● **WHAT IS BEING ASKED**: Write the data out again exactly, with no pictures.

===== COLLECTED DATA =====

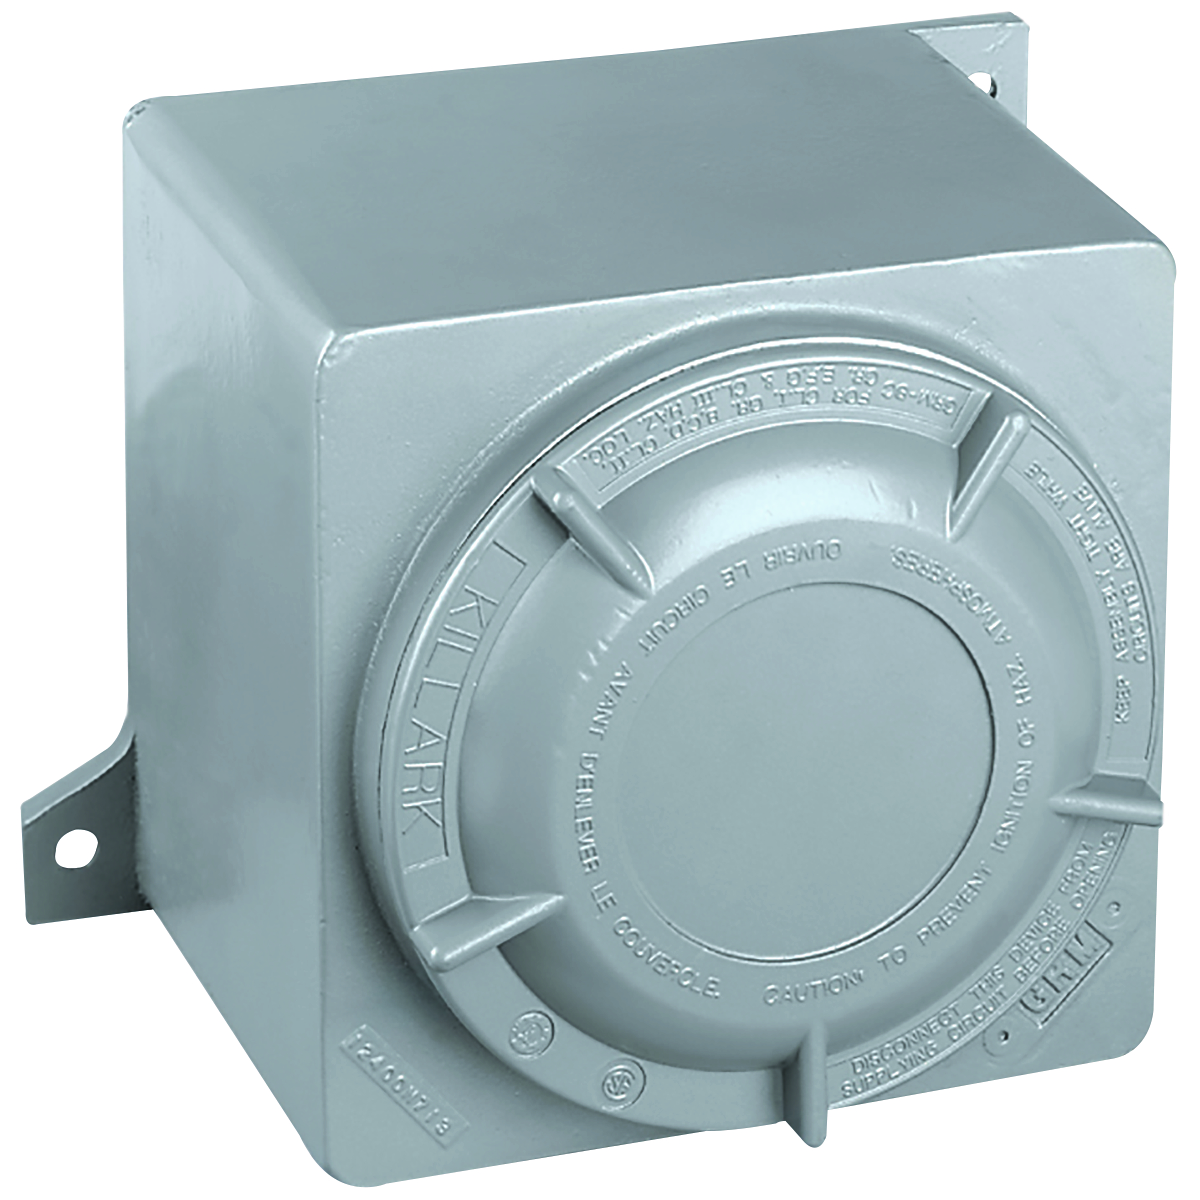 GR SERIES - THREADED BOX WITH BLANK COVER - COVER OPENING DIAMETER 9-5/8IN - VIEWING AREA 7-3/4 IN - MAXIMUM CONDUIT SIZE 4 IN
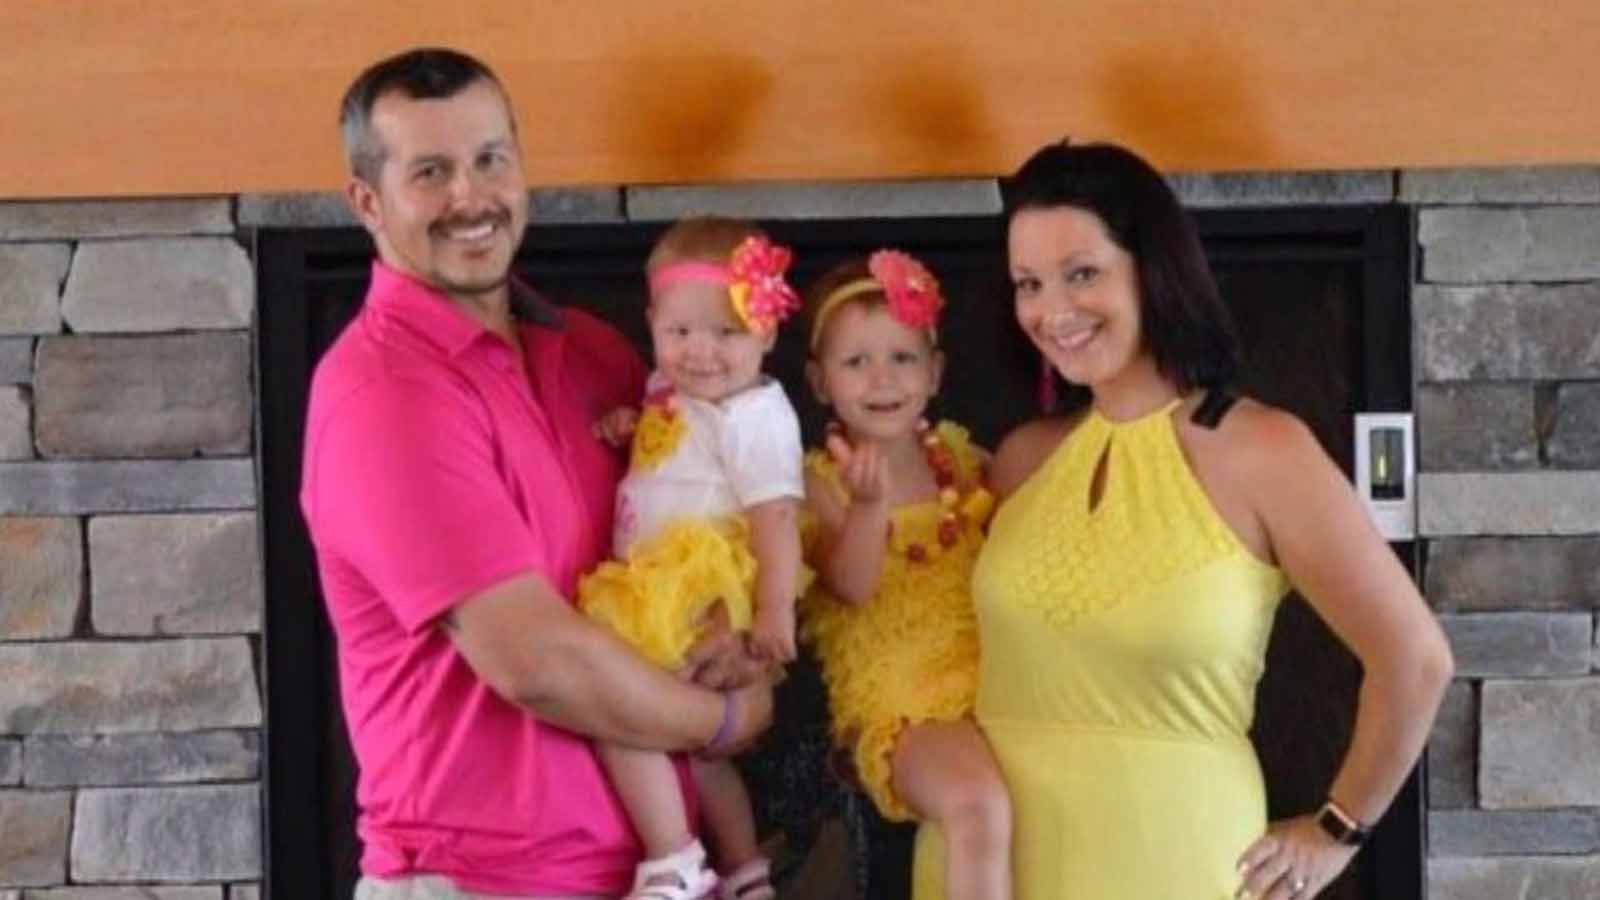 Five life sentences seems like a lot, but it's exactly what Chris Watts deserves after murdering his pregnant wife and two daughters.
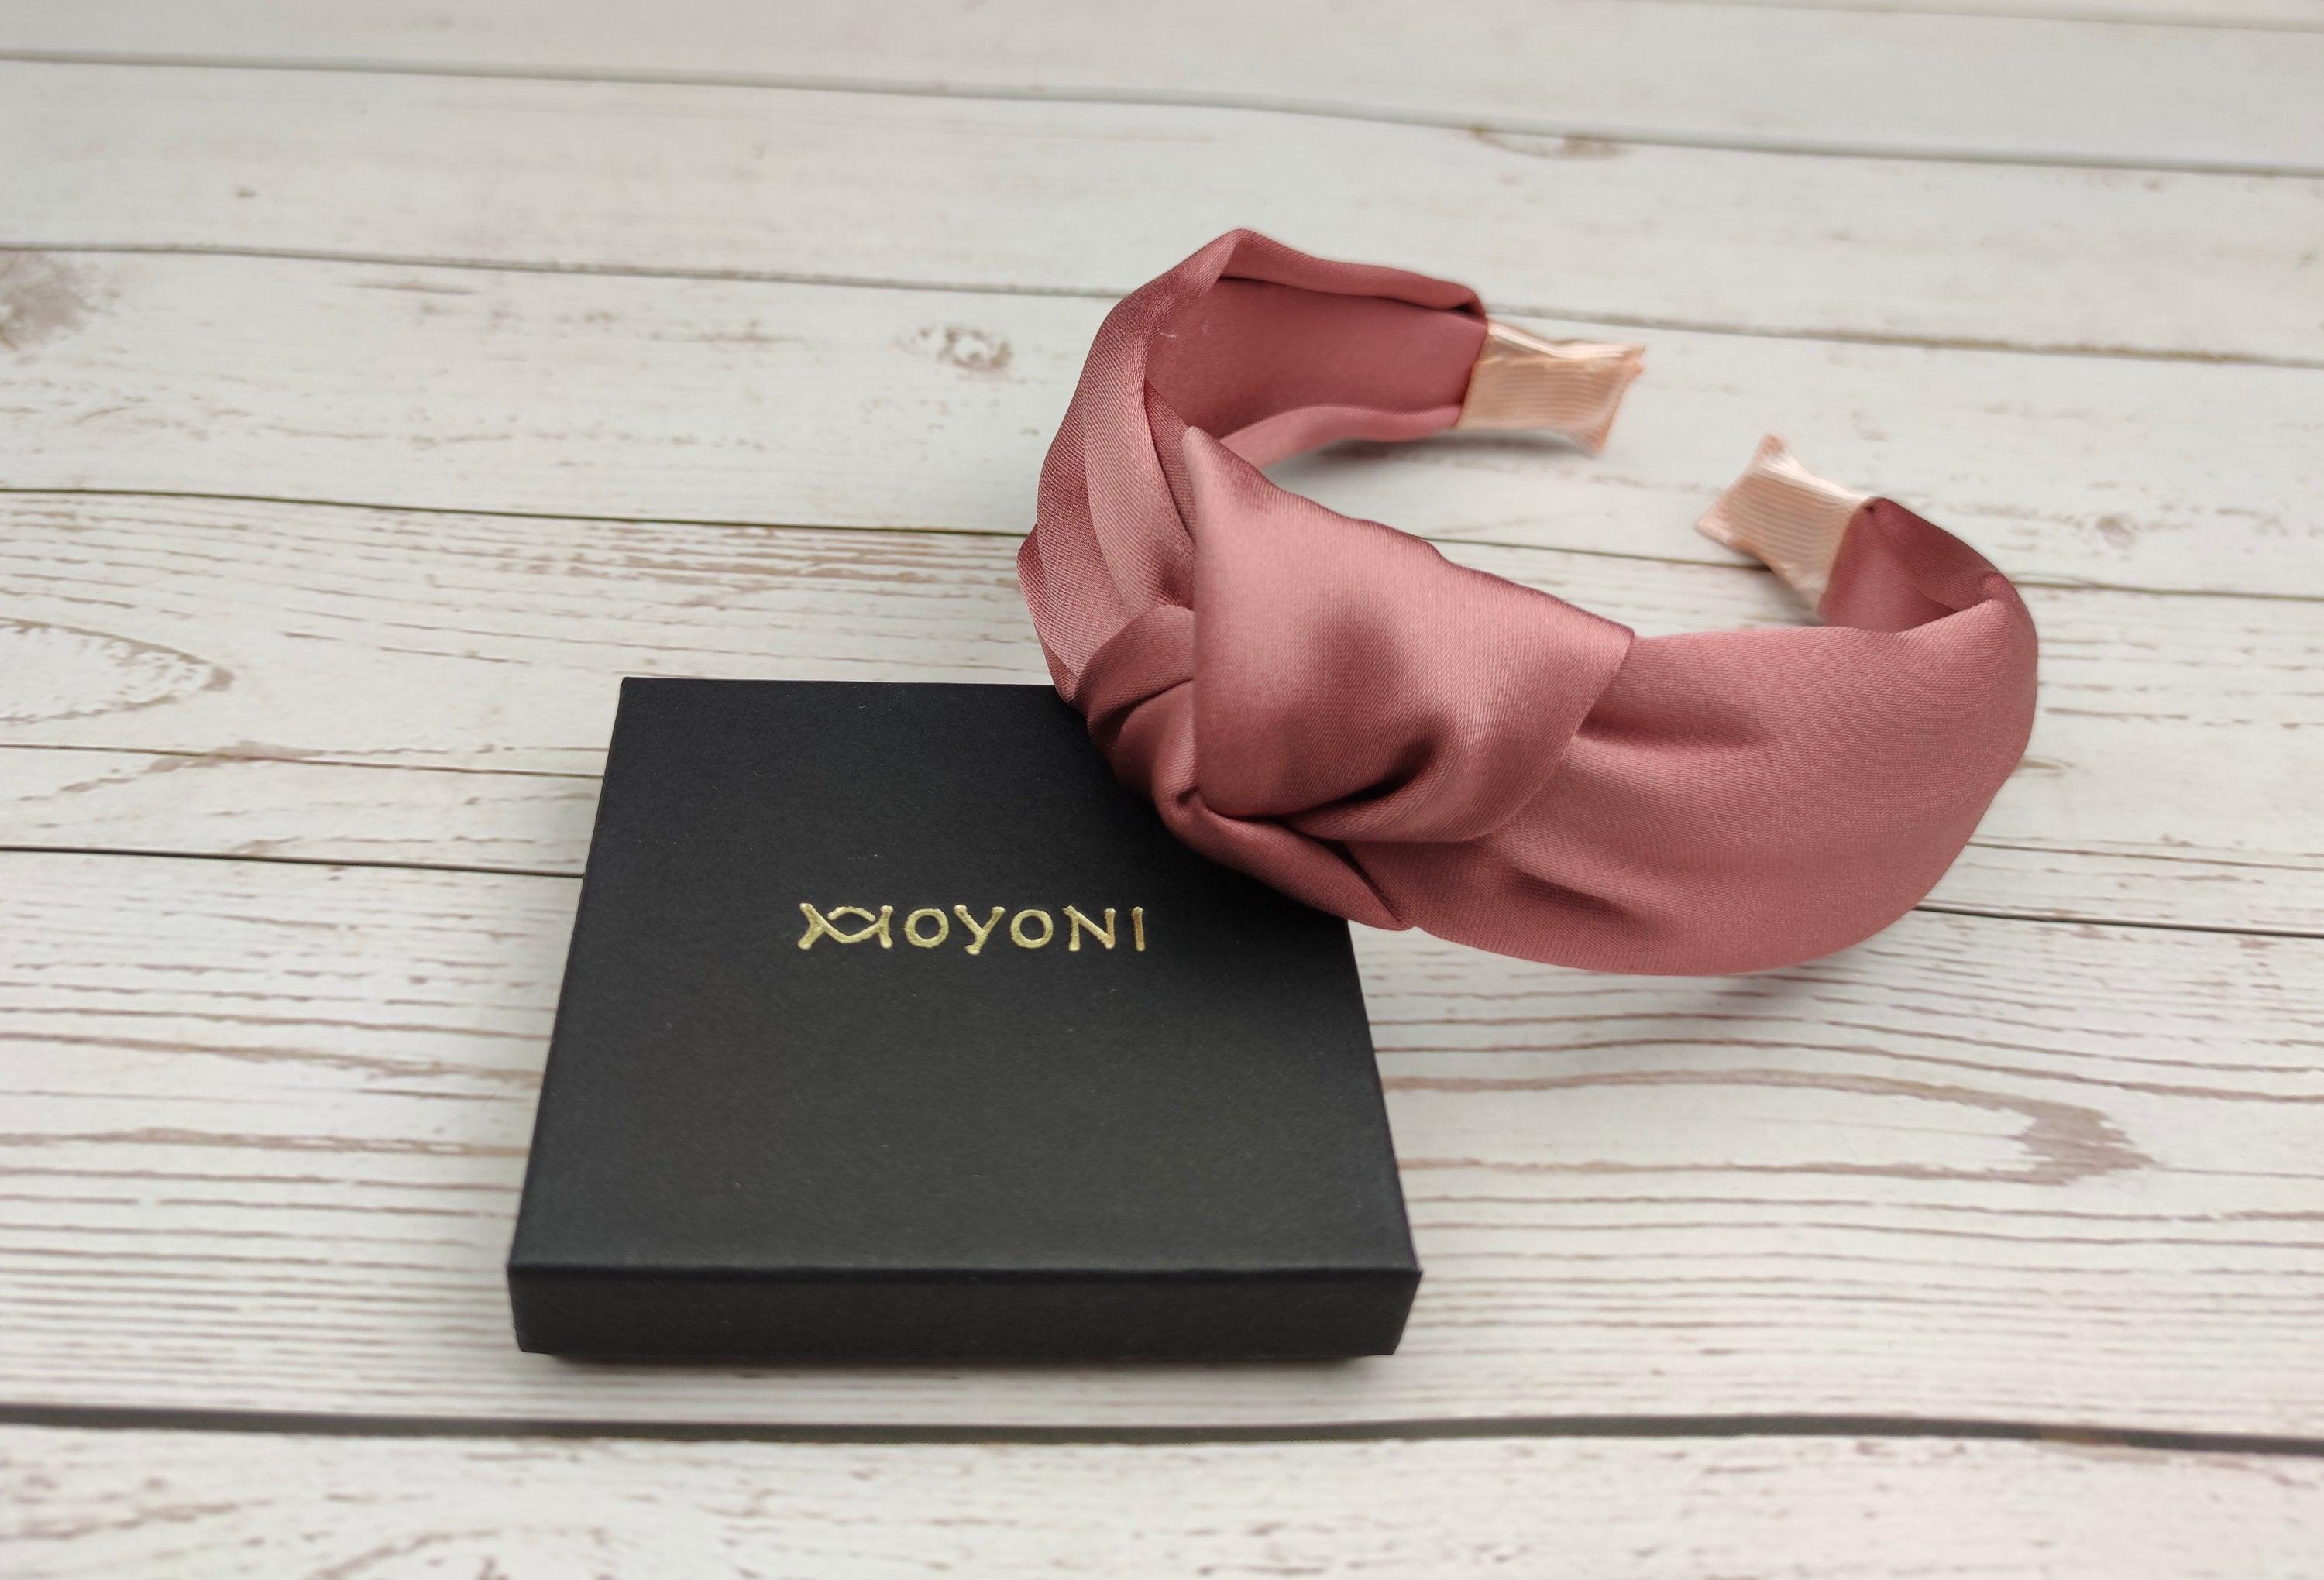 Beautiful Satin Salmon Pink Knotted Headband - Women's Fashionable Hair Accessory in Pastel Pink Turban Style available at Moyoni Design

=====

● **RESULT BELOW**:
 GR SERIES - THREADED BOX WITH BLANK COVER - COVER OPENING DIAMETER 9-5/8IN - VIEWING AREA 7-3/4 IN - MAXIMUM CONDUIT SIZE 4 IN
 Five life sentences seems like a lot, but it's exactly what Chris Watts deserves after murdering his pregnant wife and two daughters.
 Beautiful Satin Salmon Pink Knotted Headband - Women's Fashionable Hair Accessory in Pastel Pink Turban Style available at Moyoni Design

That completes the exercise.